■ **COLLECTED MATERIAL**:
....

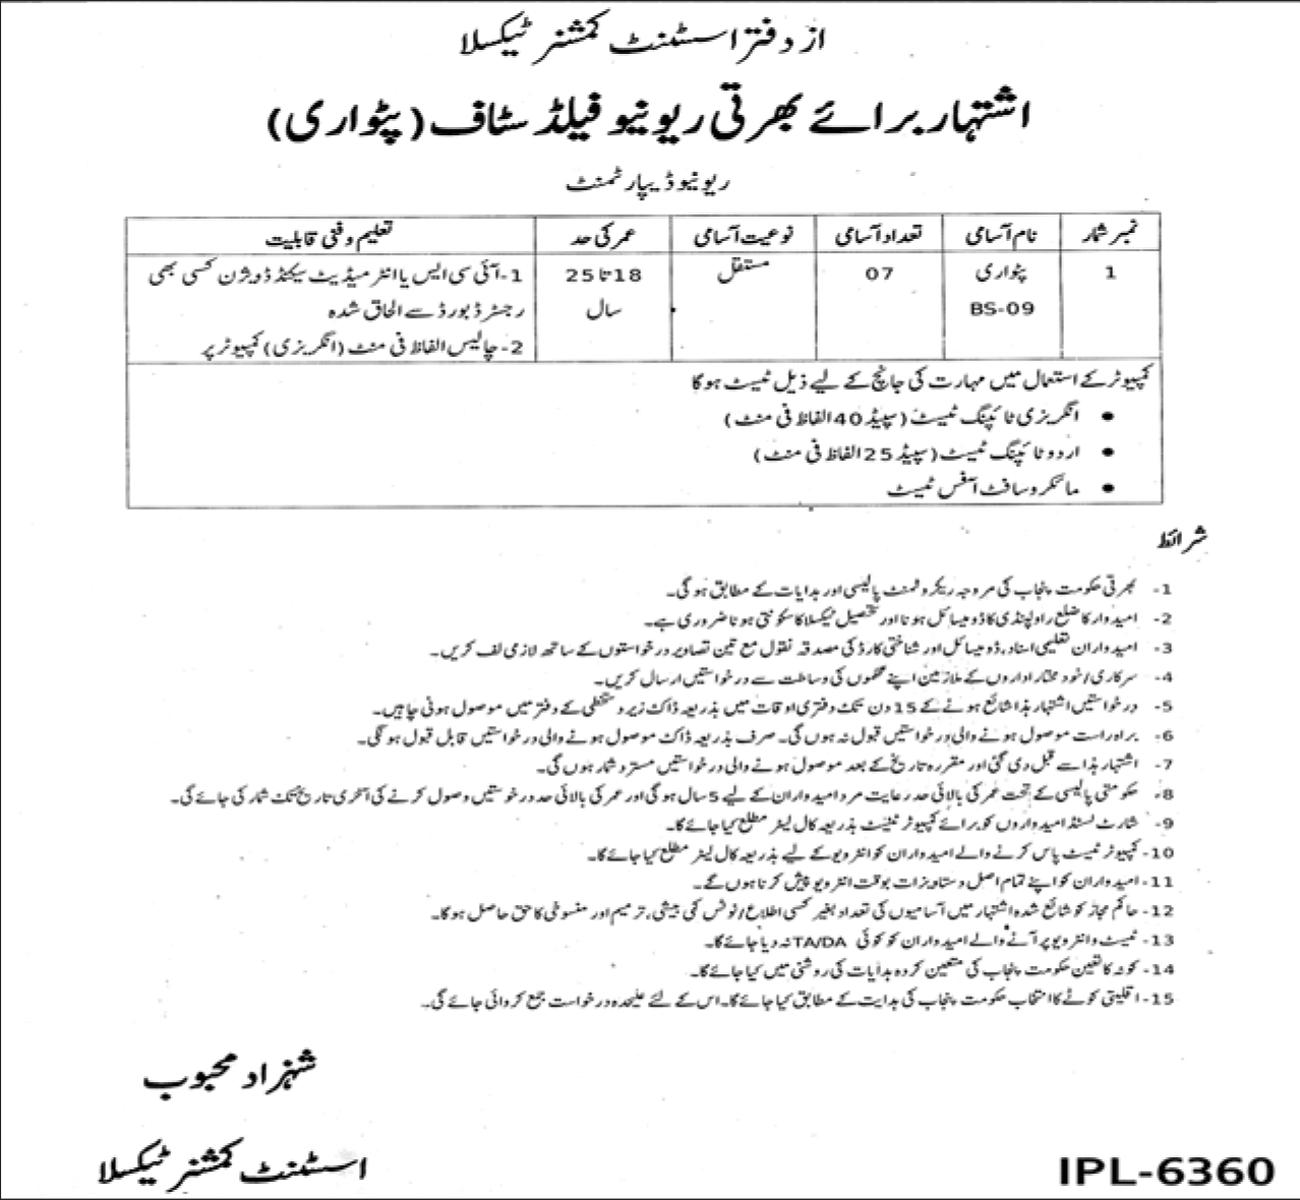 Punjab Revenue Department Jobs
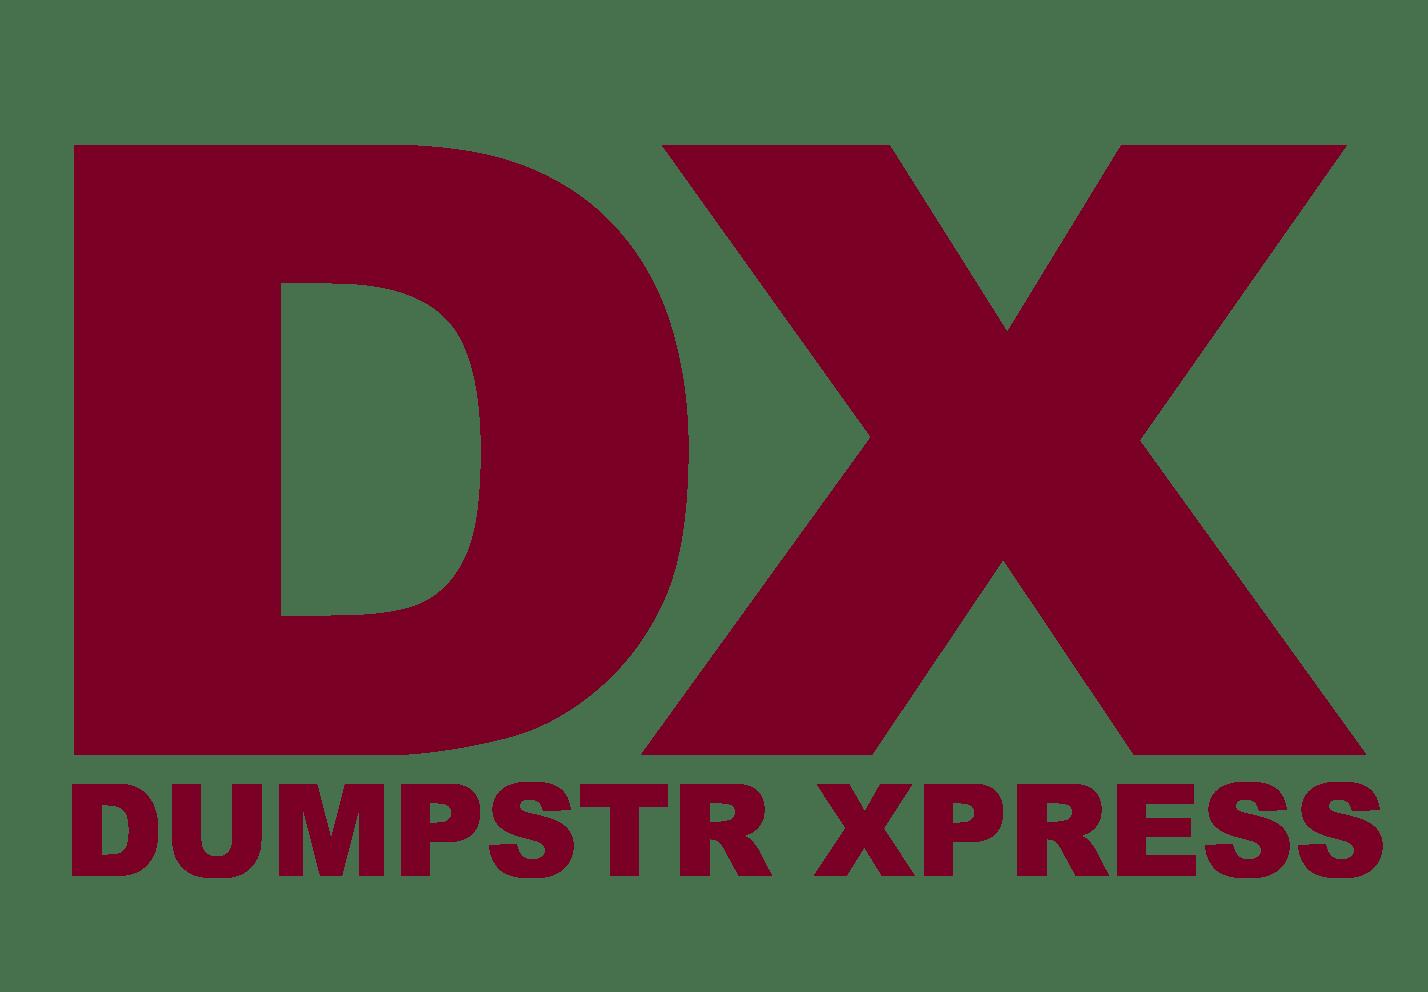 Dumpstr Xpress Phoenix Dumpster Rental
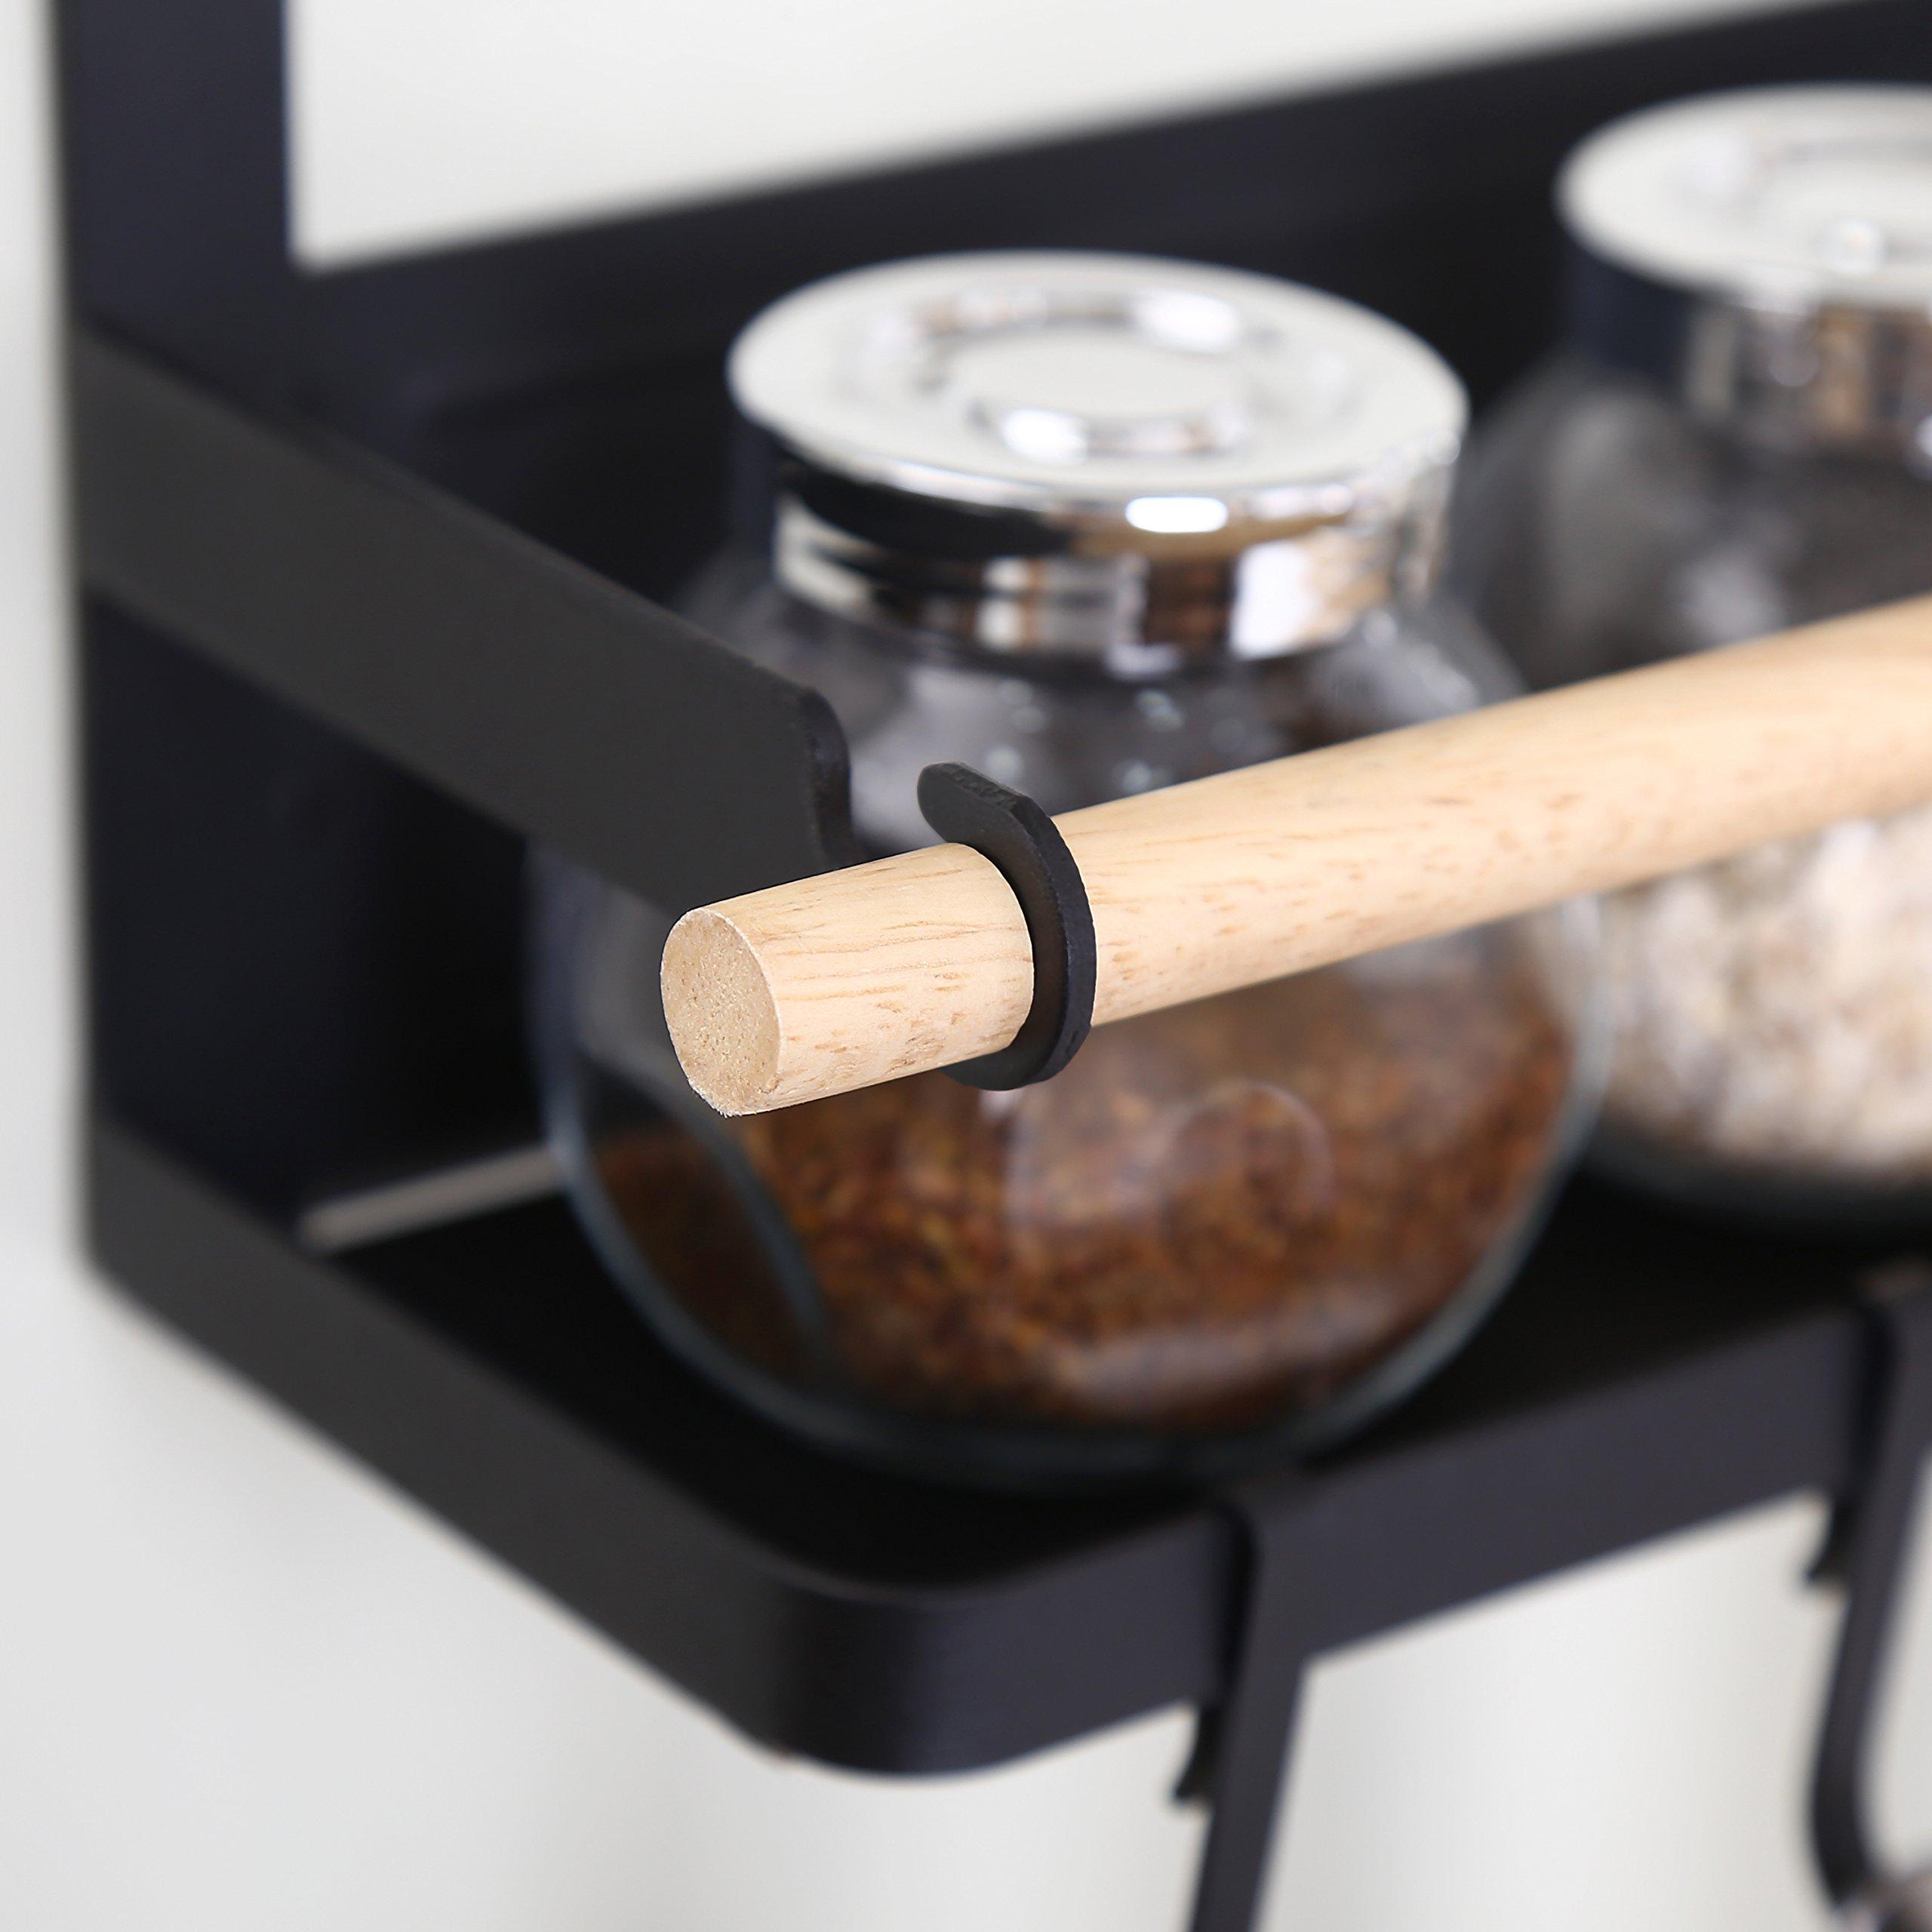 kitchen rack fridge magnetic organizer 2018 new design paper towel holder 190835726401 ebay. Black Bedroom Furniture Sets. Home Design Ideas

....

■ **EXERCISE PROMPT**: Reproduce the listing exactly. The pictures are to be omitted.

■ **REPLY TO THE EXERCISE**:
 Punjab Revenue Department Jobs
 Dumpstr Xpress Phoenix Dumpster Rental
 kitchen rack fridge magnetic organizer 2018 new design paper towel holder 190835726401 ebay. Black Bedroom Furniture Sets. Home Design Ideas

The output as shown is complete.